I wouldn't give up on going to the dealer necessarily. Since it's a known problem and they JUST extended the warranty, you have reasonable cause to go in and ask for them to repair your valve body even with your mileage above 100k. It isn't guaranteed, but its worth asking and then calling customer care @ 1-800-822-8987 if you don't get a satisfactory response.


----------



## VDUBVWJETTA (Jul 22, 2009)

classicjetta said:


> I wouldn't give up on going to the dealer necessarily. Since it's a known problem and they JUST extended the warranty, you have reasonable cause to go in and ask for them to repair your valve body even with your mileage above 100k. It isn't guaranteed, but its worth asking and then calling customer care @ 1-800-822-8987 if you don't get a satisfactory response.

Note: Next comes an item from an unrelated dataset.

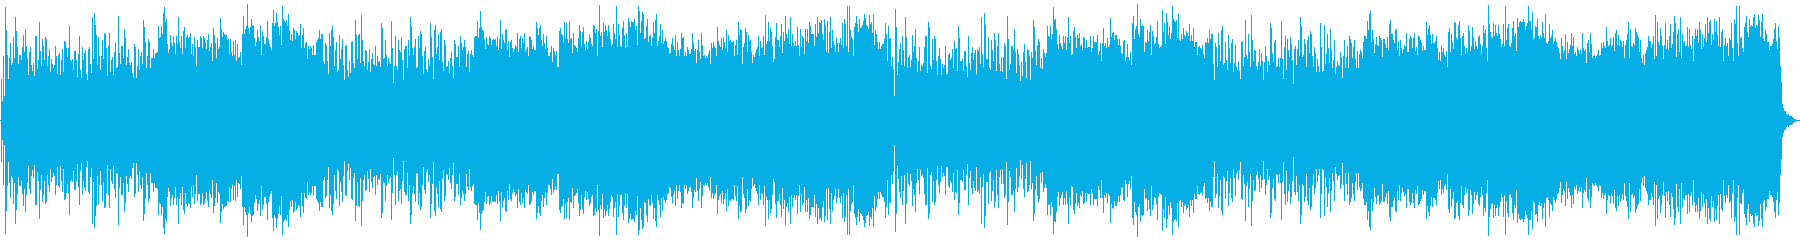 スピード感のあるサイバー戦闘曲の再生済みの波形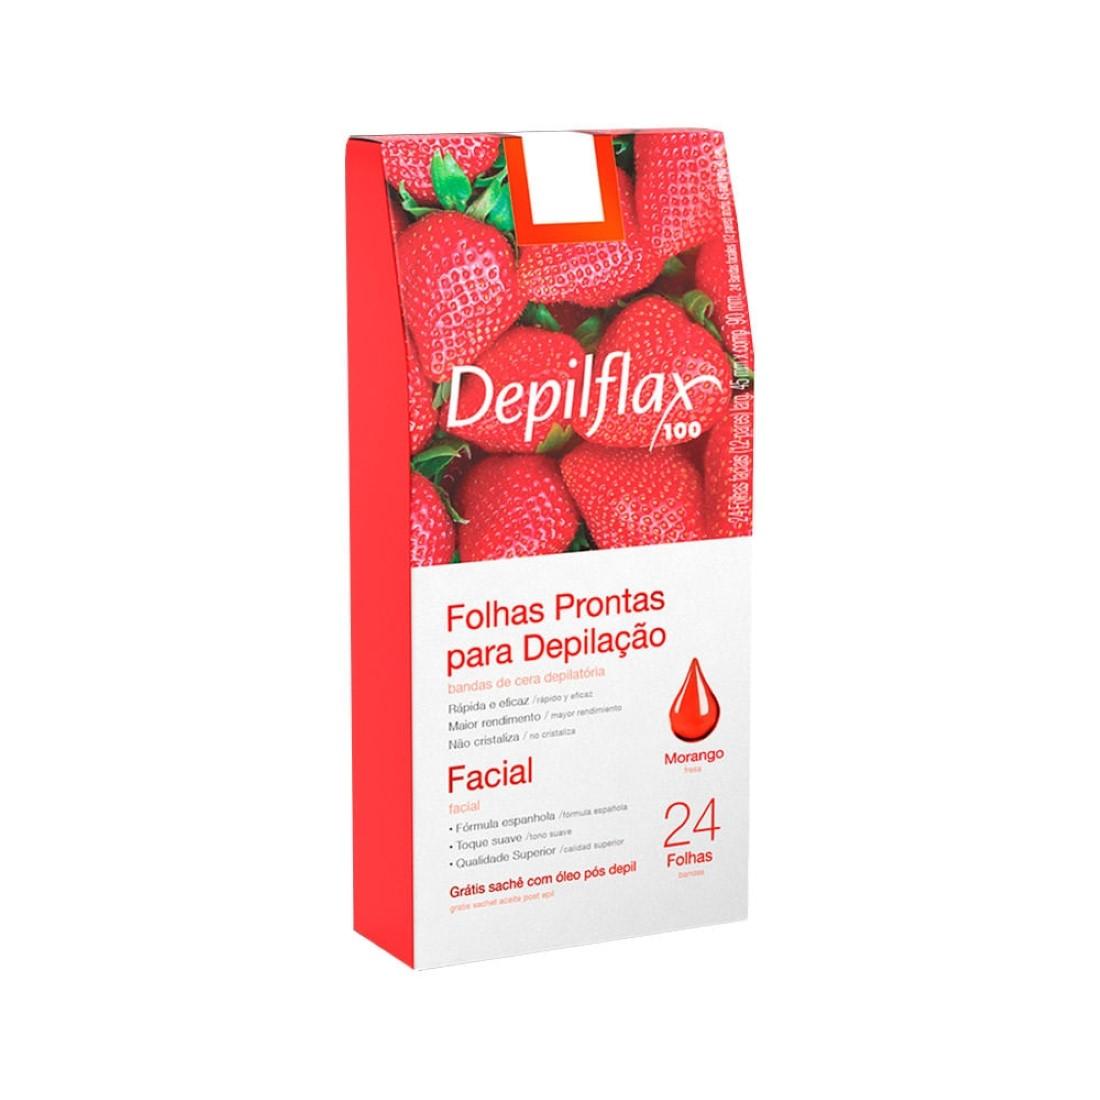 24 Folhas de Cera Depilatória Facial Morango - Depilflax

Yeah I going call customer care trm to tell about "TEEN" safty while driving on bad transmission to see if it work. My friend said report to news 11 that they are fraud.


----------



## fir3start3r (Oct 25, 2010)

I just bought my 2007 2.5 jetta wolfsburg 32k miles in October from a small lot. When it hit 20 degrees I noticed a slip from 2nd to 3rd three days in a row from a cold start. I've since been warming it but am taking it in soon. I've yet to visit the VW house, my car is covered until July I plan to have the oil changed while there. Should they automatically check out all the potential recalls or do I need to pay them labor to look it over?


----------



## fir3start3r (Oct 25, 2010)

The last time I dealt with a dealer it was Ford... and they jammed me so hard I have been leery about going back to one and I'm sure as s#$t not going to let Breaker Bar Bill my old mechanic go anywhere near this car.


----------